Upcoming infrastructure projects
Highlights of the first two years of funding include:
- Aldermanic menu program: $216 million over two years that includes increasing the yearly menu budget, per ward, from $1.32 million to $1.5 million.
- Bridges and viaducts: $164.3 million to complete the funding for 23 bridge replacement projects, $66.2 million for 37 bridge repair projects, $16.9 million to rehabilitate 13 underpasses; and $7.5 million to begin the process of improving vertical clearance at 5 viaducts.
- Streets and alleys: $250.4 million for residential and arterial street resurfacing based on the Pavement Condition Index and ADA Ramp needs. Also funds the reconstruction of WPA streets along with 100 new Green Alleys to improve drainage and sustainability; one green alley in each ward every year.
- Street lighting: $112.3 million for the complete replacement of 300 blocks of lighting infrastructure, along with strategic targeted light pole replacements and wiring stabilization repairs.
- Traffic signals: $28.4 million to modernize the City’s historically underfunded traffic signal system.
- Sidewalks and pedestrian right-of-way: $112.2 million for sidewalk repair (hazardous, vaulted, shared sidewalk programs, ADA ramps, curb and gutter, and alley aprons) to increase accessibility and public safety.
- Complete streets: $49.0 million for improvements to bike lanes, priority bus routes, pavement markings and Vision Zero pedestrian safety projects. $104.2 million towards the funding of 24 streetscape projects including those in Invest South/West Corridors. $6 million for planting 12,000 trees.

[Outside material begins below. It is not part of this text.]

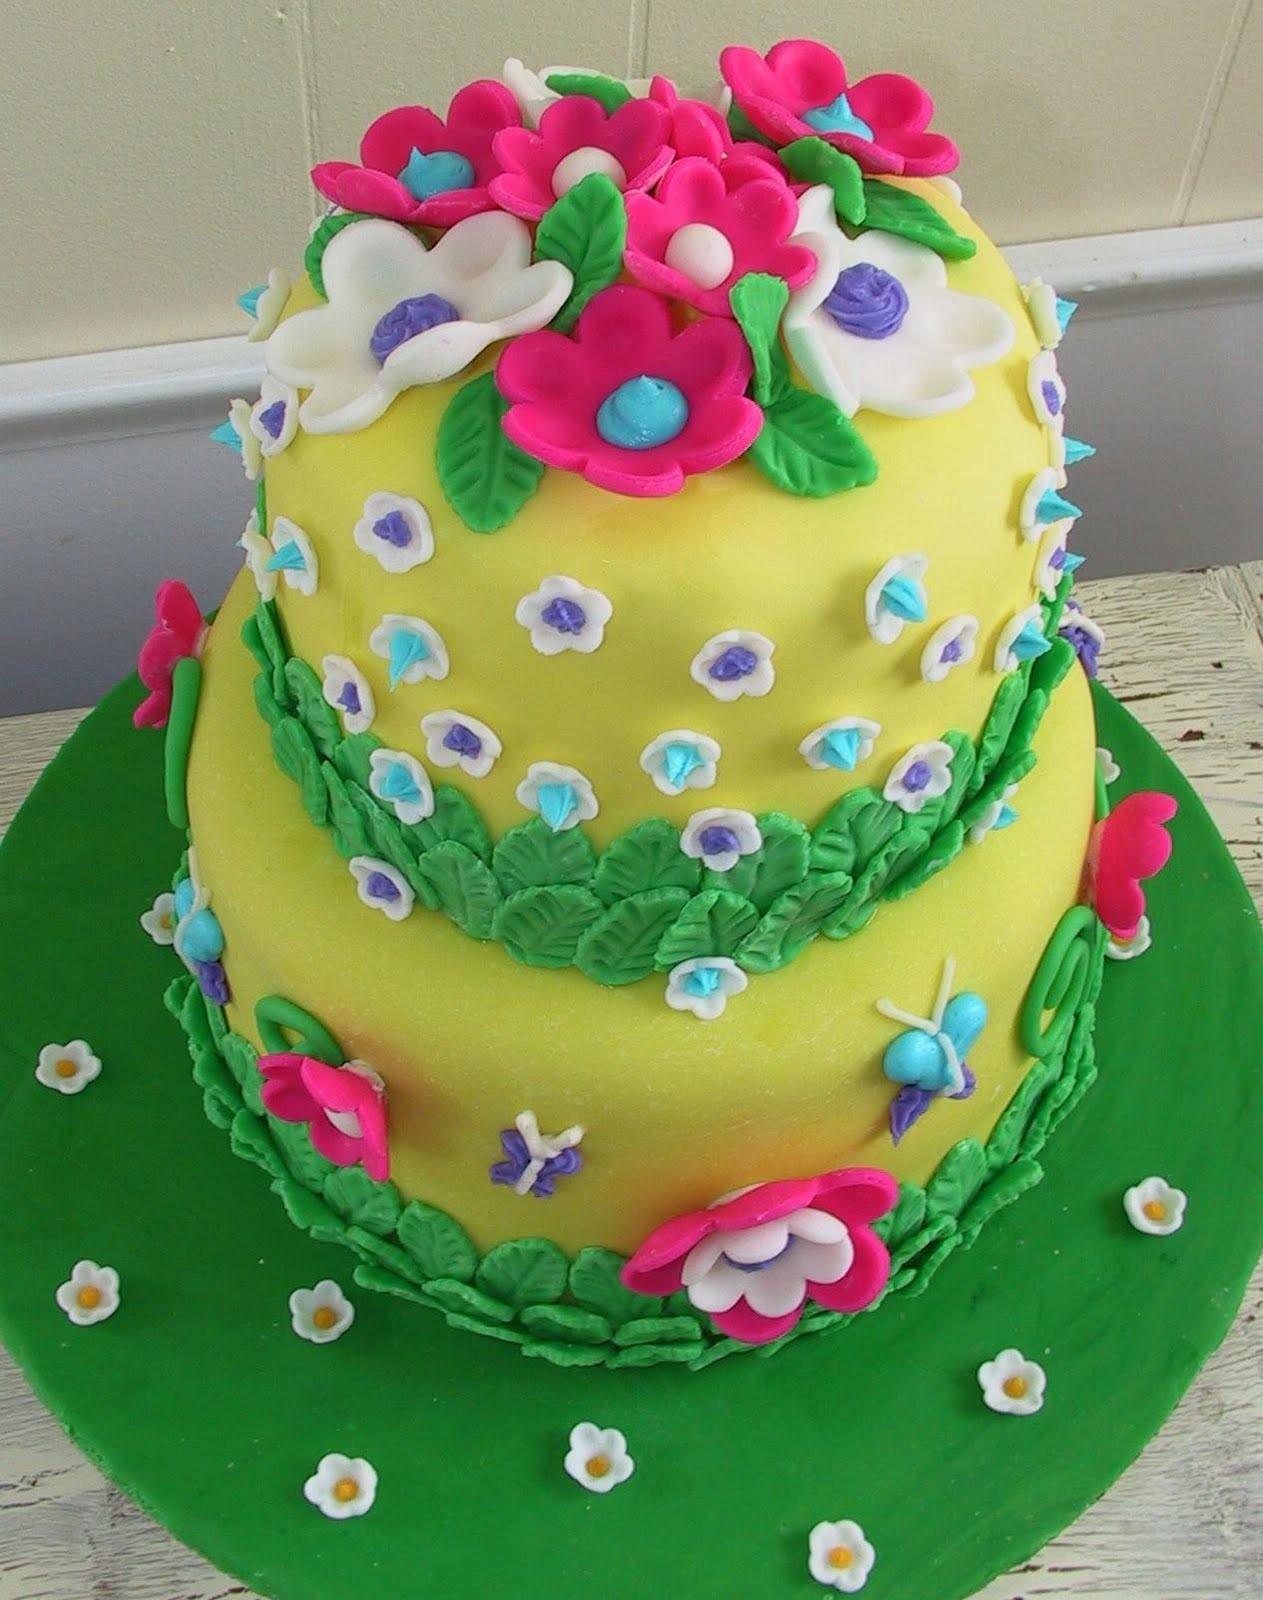 Funny Birthday Cakes Images  Birthday cake image image of birthday cake funny

- Waterways: $12.3 million for the reconstruction of 1 mile of lakeshore encompassing Morgan Shoal and the expansion of the Calumet River Dredging Facility to ensure clean waterways for commerce on the Calumet River.
- Facilities: $132.5 million for renovations and system upgrades to public facilities such as Department of Family and Supportive Service centers, Chicago Department of Public Health locations, Chicago Public libraries, and dozens of non-public facing facilities. This budget also includes environmental remediation of city-owned land and demolition of hazardous buildings.
- Equipment: $162.1 million for the city’s fleet, equipment, and IT systems.